I know I can, but that doesn't fix the problem. One of the reasons I was so glad to get rid of my Comcast DVR was that I couldn't always depend on it to record what it was supposed to. If...if I can't even trust my TiVo (sniff) now, then... then what CAN I trust?!?!?!?!?


----------



## bkdtv

cogx said:


> First a new Fringe episode last week didn't record and now Lie to Me, which luckily I happen to get home early and noticed it wasn't going to record and forced it to record. Apparently, I can no longer trust a TiVo Season Pass, at least not with the Zap2It (Tribune) guide data our DVRs are pulling down.

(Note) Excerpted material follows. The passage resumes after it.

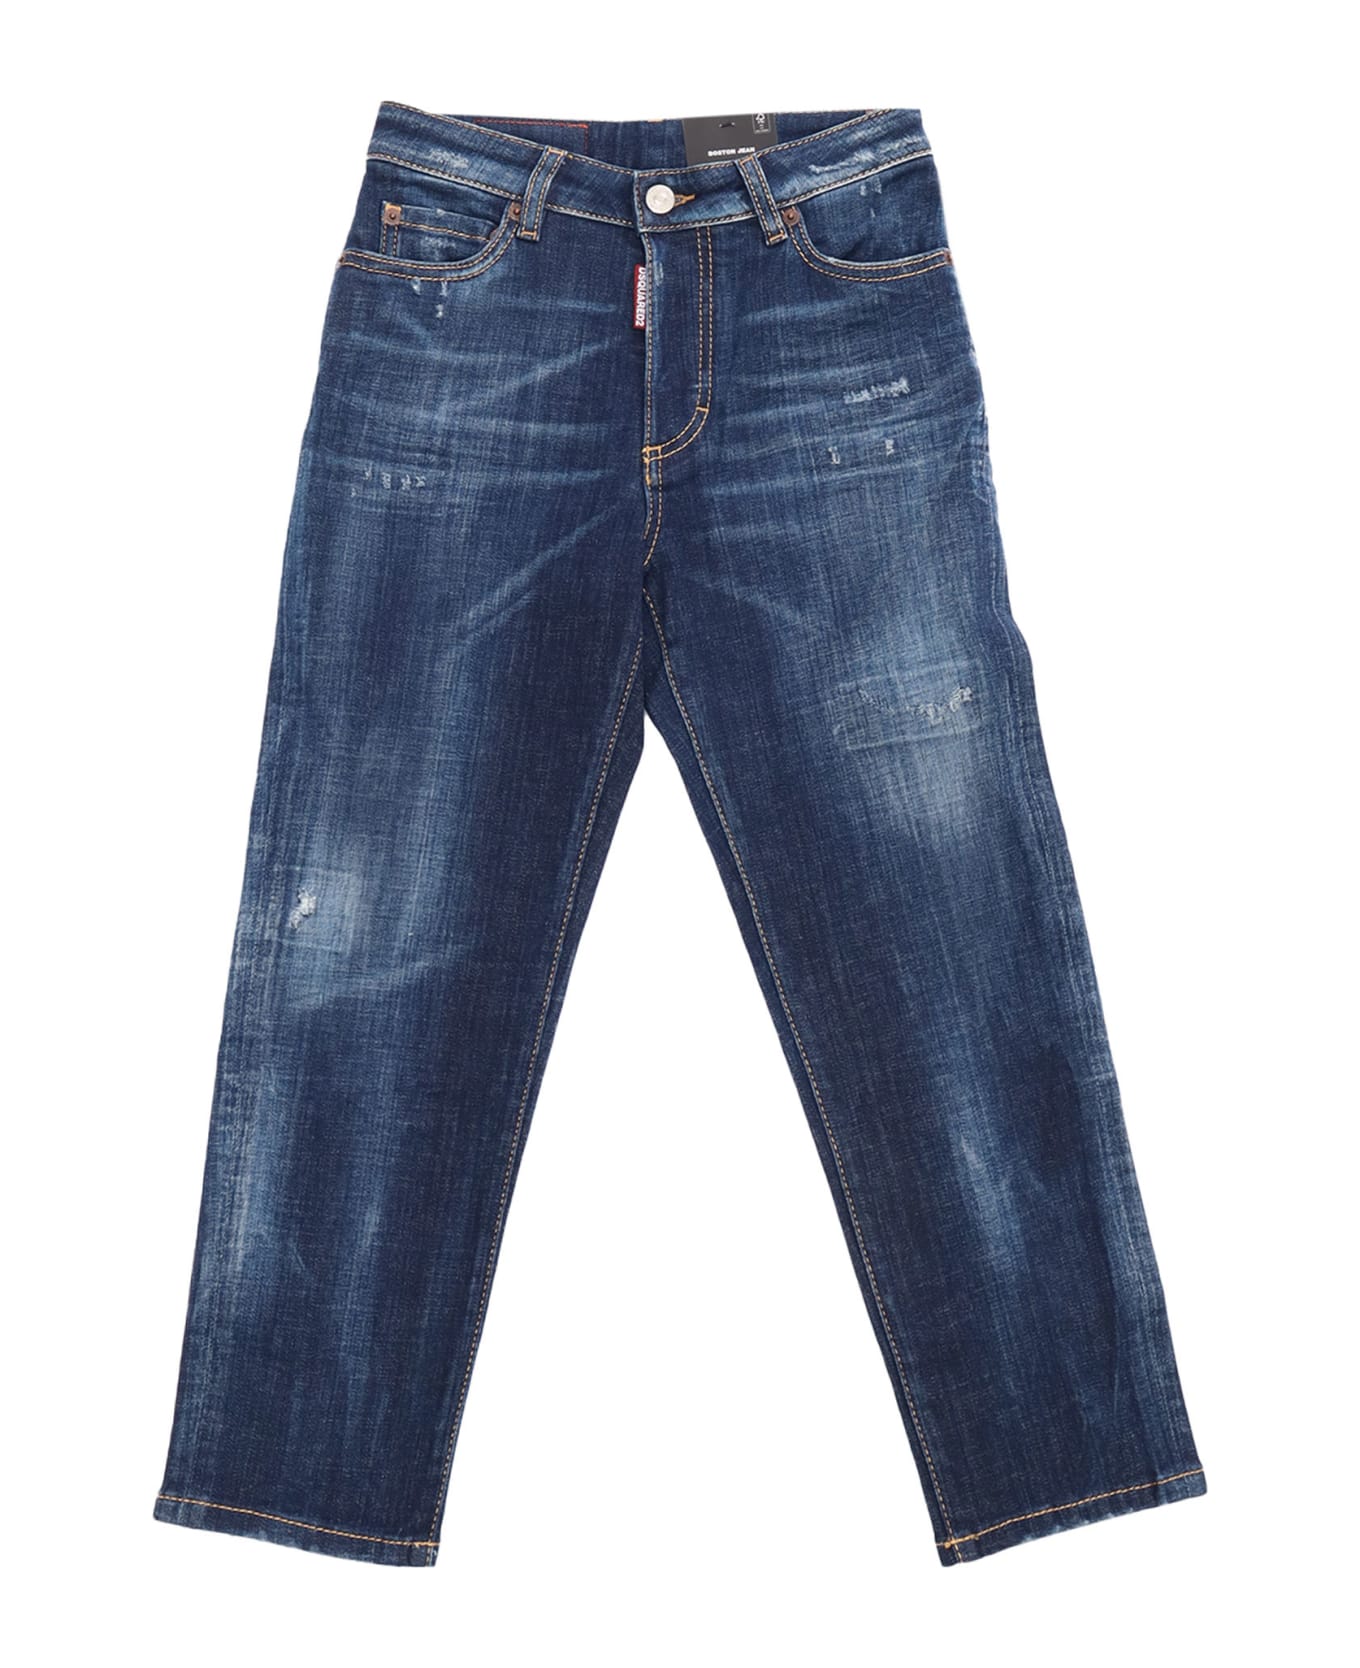 Dsquared2 Boston Jeans - BLUE ボトムス

There was no new episode of Fringe last week. The last new episode was on the 19th. My TivoHD recorded it just fine.


----------



## cogx

bkdtv said:


> There was no new episode of Fringe last week. The last new episode was on the 19th. My TivoHD recorded it just fine.

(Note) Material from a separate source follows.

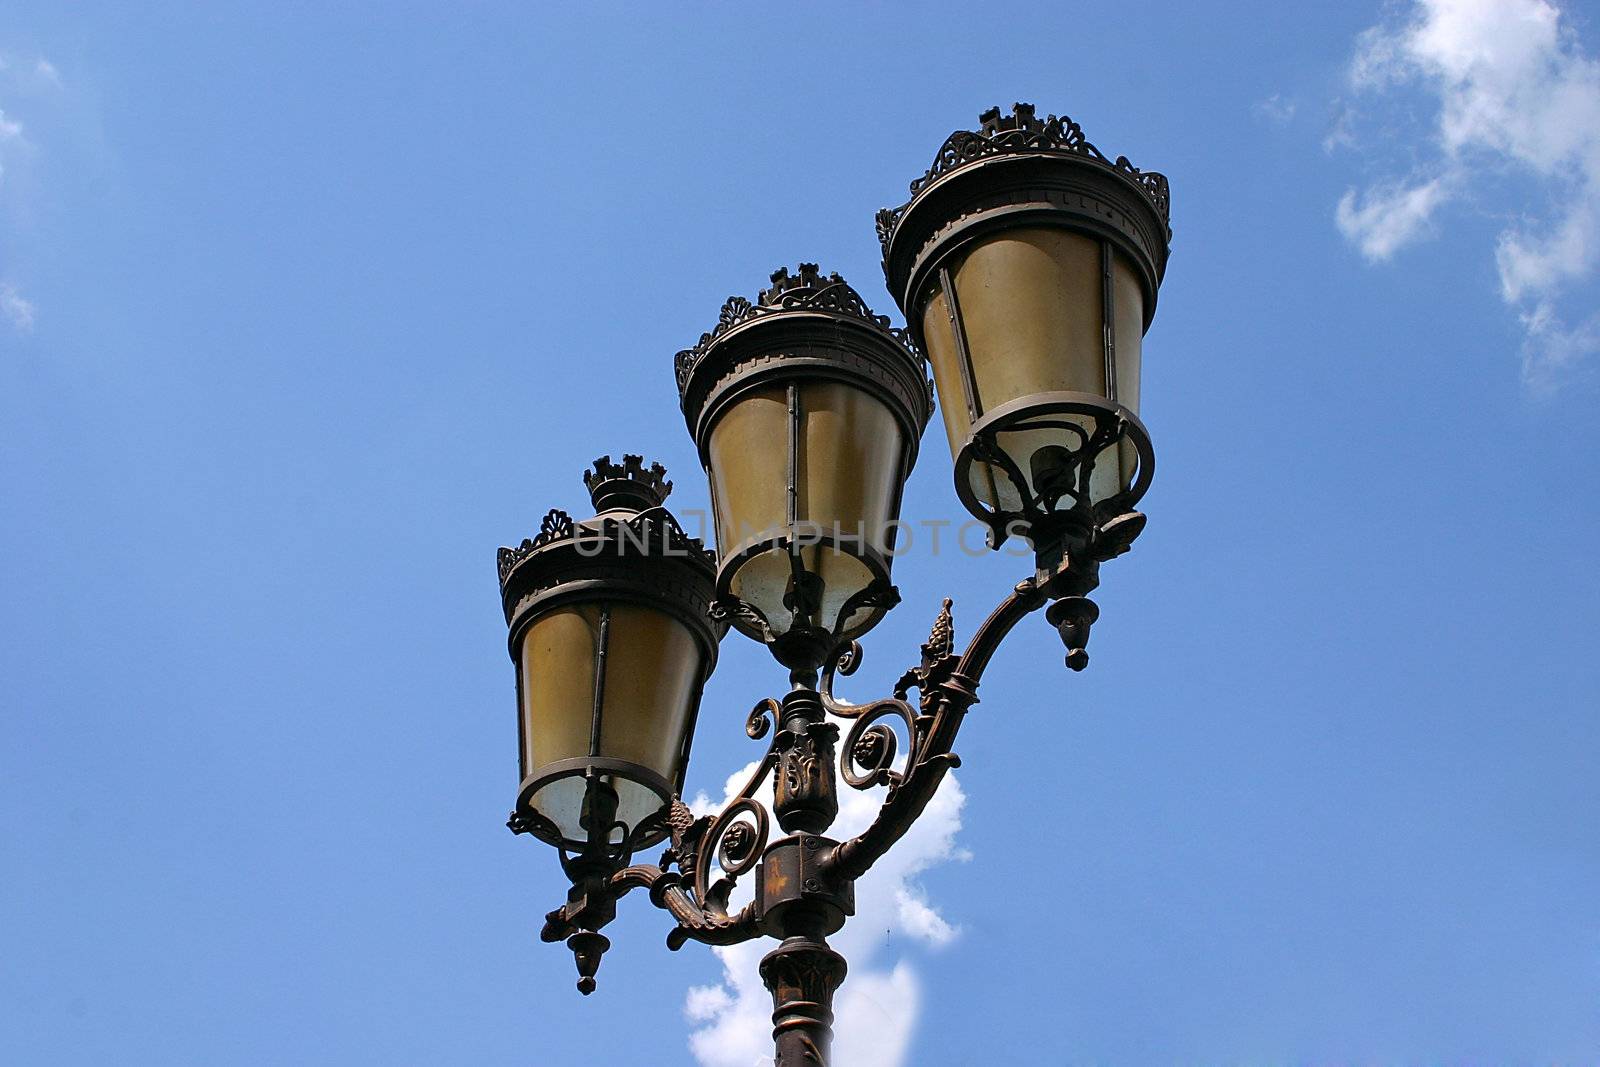 Three special street lanterns in Paris - France

You replied to my post from back on 11/10. It was the 11/5 episode of Fringe that didn't record. Then, on 11/9, Lie to Me didn't record. That prompted my post.

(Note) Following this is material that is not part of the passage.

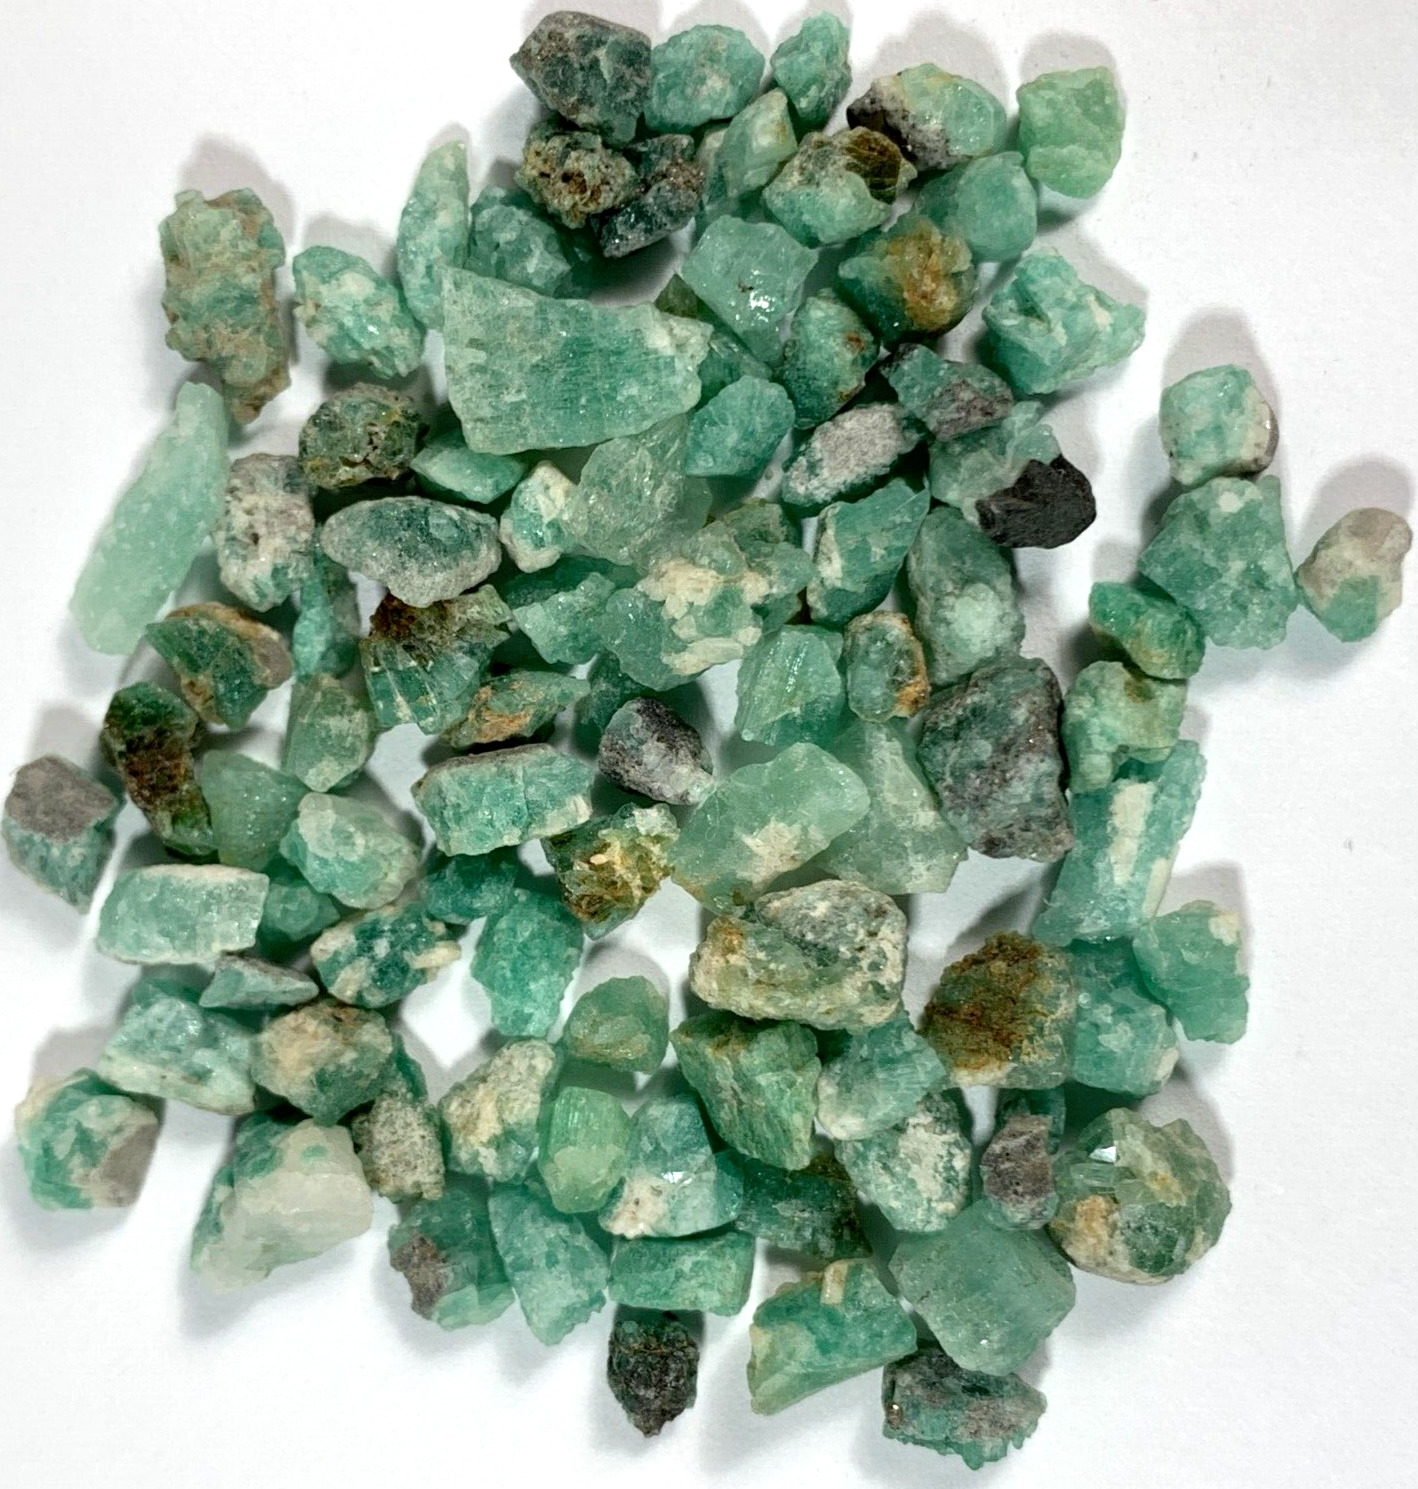 Natural rough EMERALD / BERYL crystals rock specimens raw untreated 12 grams

Now, the 11/30 episode of Lie to Me didn't record for me either.

As I stated before, the local cable company DVRs using iGuide (TV Guide) are not having these problems with Fox programming, from what I'm told, so apparently Zap2It and Fox need to get together and discuss their issues.


----------



## bkdtv

cogx said:


> You replied to my post from back on 11/10. It was the 11/5 episode of Fringe that didn't record. Then, on 11/9, Lie to Me didn't record. That prompted my post.


My mistake.

In both cases, I believe the programs recorded with the correct guide data if you forced a connection after 1pm PST on the day of the broadcast; I know that was the case for Fringe, which was broadcast in the slot originally occupied by World Series Gm7. The TiVo guide data for FOX has been fine since 11/9, but the episode information for the 11/30 episode matches the original information for 11/9 episode, so the 28-day rule came into effect since you manually recorded the 11/9 episode. Other DVRs don't have the 28-day history to eliminate duplicates, so they weren't affected.

iGuide (TVGuide) may not have issues on these two particular shows, but they'd had plenty of issues on others, as anyone who follows DSLR knows.


----------